When we query the field eg. default_search: type or default_search: retail,
in the response , numfound is about one million and hits cache, QTime is “ <int name="QTime">2</int>” OR “<int name="QTime">1</int>.”

But when we add several facet.field to do facet , QTime  increase to 220ms or more.

We add the parameter facet.threads=20, but the improvement is not obvious, and unstable.

Do you have some advice on how improve the facet performance when hit many documents.



Best Regards,
Alice Yang
+86-021-51530666*41493
Floor 19,KaiKai Plaza,888,Wanhandu Rd,Shanghai(200042)

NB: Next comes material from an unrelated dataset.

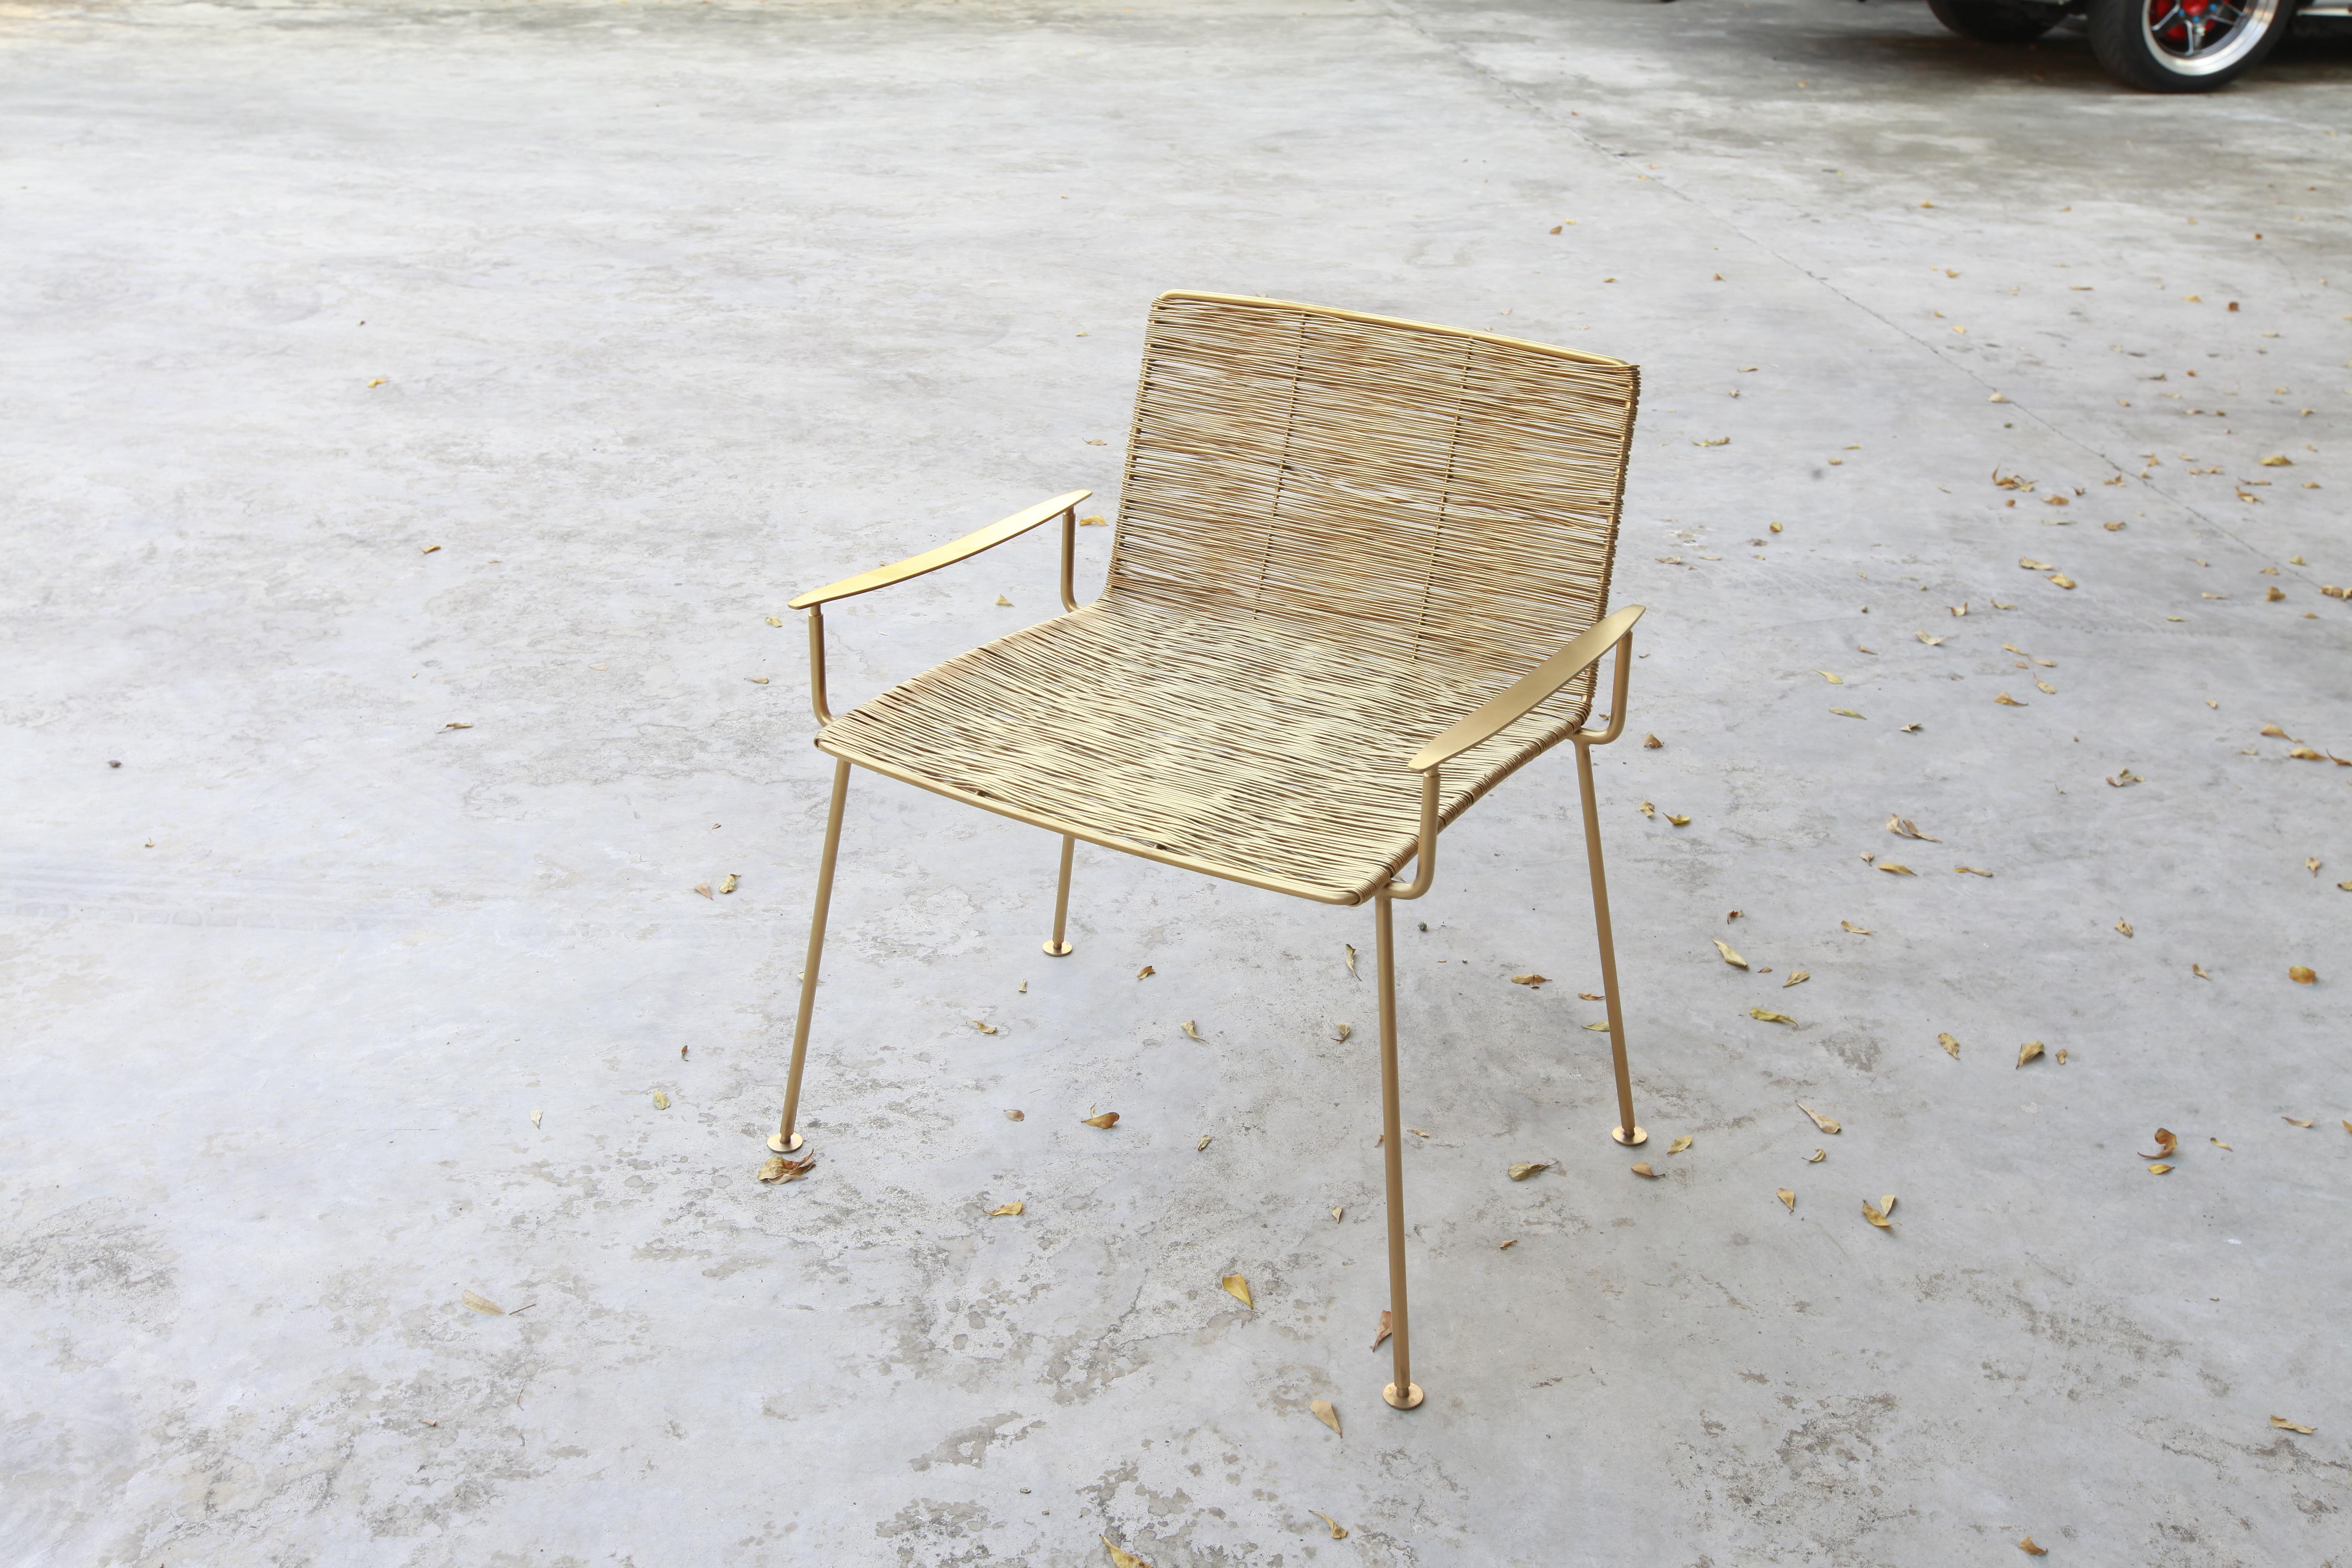 Gold Boy outdoor chairs in gold titanium finish created by Ango is a development of Garden Boy Chair, winner of Best Product Award at Maison et Objet, Paris in September 2007. Gold Boy garden chair is a kind of technology transfer, using as a

ONCE YOU KNOW, YOU NEWEGG.

CONFIDENTIALITY NOTICE: This email and any files transmitted with it may contain privileged or otherwise confidential information. It is intended only for the person or persons to whom it is addressed. If you received this message in error, you are not authorized to read, print, retain, copy, disclose, disseminate, distribute, or use this message any part thereof or any information contained therein. Please notify the sender immediately and delete all copies of this message. Thank you in advance for your cooperation.
保密注意:此邮件及其附随文件可能包含了保密信息。该邮件的目的是发送给指定收件人。如果您非指定收件人而错误地收到了本邮件,您将无权阅读、打印、保存、复制、泄露、传播、分发或使用此邮件全部或部分内容或者邮件中包含的任何信息。请立即通知发件人,并删除该邮件。感谢您的配合!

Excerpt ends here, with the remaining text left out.